Question: how it is possible for real disposable incomes to fall by 5.3 per cent, yet personal consumption to rise by 3.2 per cent? (That’s on an annualised basis, by the way). It smells of debt, doesn’t it? Or consumers finding new confidence, or – dare one utter the words – of a bubble in the making. Yet this is what happened in the US during the first quarter of this year.

Here is another question. How is it possible, under the current economic conditions for government spending to be cut by 4.2 per cent in Q1 (again that’s annualised), while the economy expanded at an annualised rate of 2.5 per cent? Yet this is what has happened in the US.

It’s an odd thing. We keep hearing about how US government debt is unsustainable, and how Obama is leading the US economy over the steepest and most terrifying of fiscal cliffs.

The truth, if anything, is that the fiscal cliff is more like one of these things that count for hills in East Anglia. The US stares from the top of the dizzying heights of a molehill.

Capital Economics explained it thus: “The 7 per cent decline in real government expenditure over the past couple of years is very unusual. Expenditure did decline by 11 per cent in the 1950s after the Korean war ended, by 7 per cent in the early 1970s after the Vietnam war ended…Nevertheless, that makes the current decline already the joint second biggest since the end of World War II, with the sequestration cuts still to take effect.”

Republicans and Democrats are busily staring at each other like gun fighters at dawn, unwilling to even hint at compromise, which has meant the expiry of George Dubya’s tax credit, and forced budget cuts. Troop withdrawals from Iraq and Afghanistan have also helped to lead to a sharp fall in defence spending.

Even so, the figures are surprising. Capital Economics said: “After accounting for measures to raise revenue, such as allowing the payroll tax cut to expire, as well as spending cuts, the decline in the structural Federal budget deficit has been dramatic. From 7.0 per cent of GDP in fiscal year 2009, that deficit narrowed to 2.5 per cent in 2013 and, according to the CBO’s projections, will be only 1.0 per cent in 2014. By next year, most of the remaining Federal budget deficit will be explained by the lingering cyclical weakness.”

So the US is experiencing what we in Europe call austerity.

The large fall in disposable income was mainly down to expiry of the tax credit.

So why, oh why, or indeed how, oh how, did the US manage to grow at 2.5 per cent in the first quarter?

Answer: well it can surely be no coincidence that the quarter also saw the Dow Jones and S&P 500 hit new all-time highs. US house prices are on the mend too, and that did no harm.

It seems that Americans would rather see equity and house values rise, than earn more money – at least that is the story of Q1.

It is a triumph of QE. Quantitative easing, which is having the effect of pushing up on asset values.
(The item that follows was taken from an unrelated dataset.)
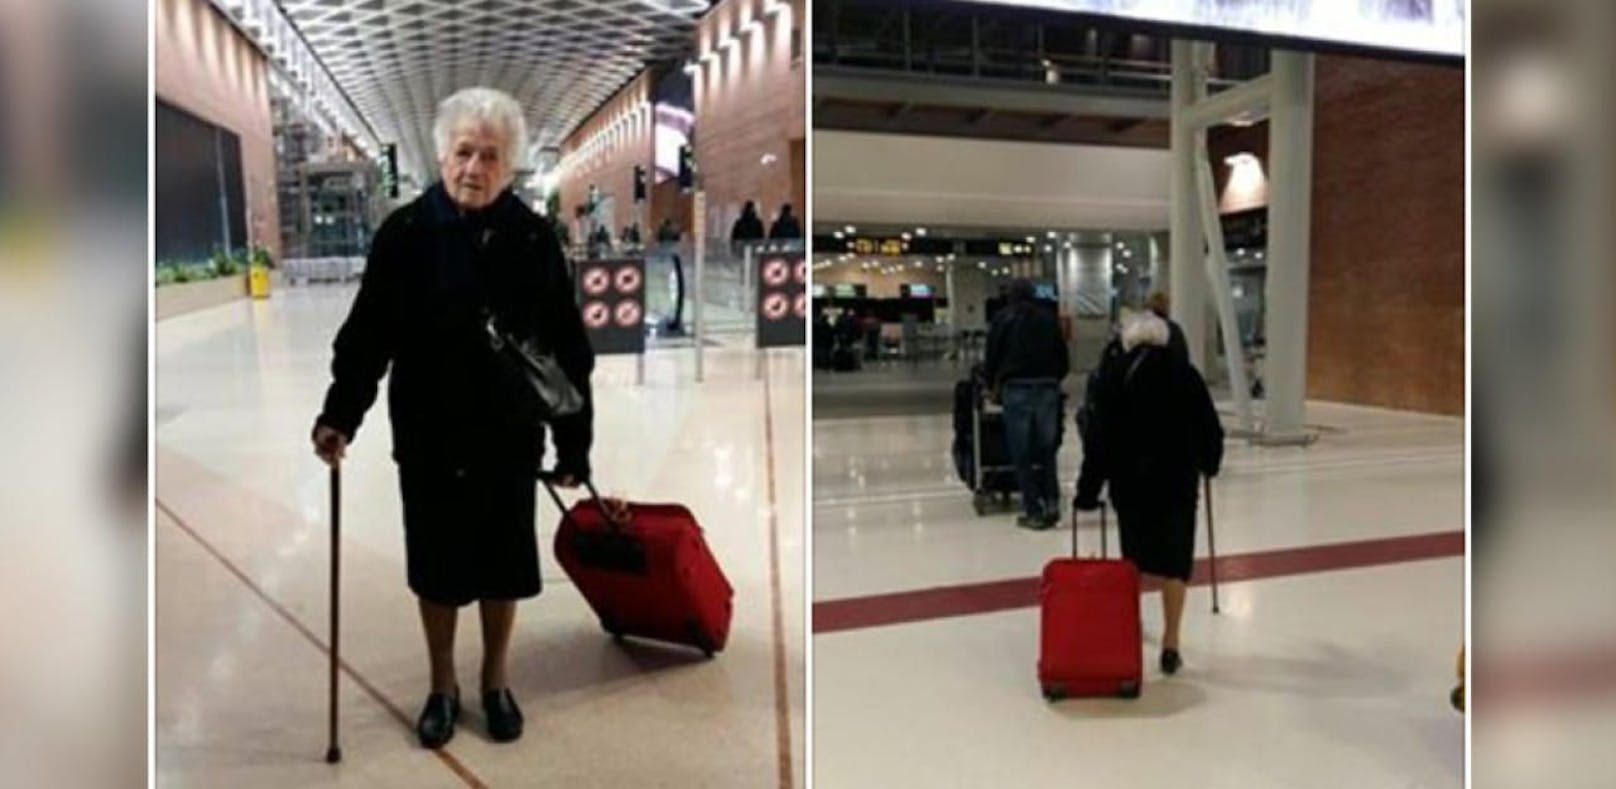 Oma Irma (93) geht auf Reisen - aber nicht zum Vergnügen.

Look at the global economy and it is hard to see why equities have performed so well this year. Look at QE, and the explanation becomes clearer.

Does this mean what they call monetary policy – that is to say central banks playing with interest rates and bond buying – can make up for the effects of austerity? The experience of the US in Q1 says it does.

But then again, it is just a quarter. This week alone may see data that tell another story. See: Data week in the US. In the battle between austerity/stimulus/monetary policy, snapshots are not very reliable.

The real cliff hanger in the story of the US economy relates to what effect austerity will have during the rest of this year.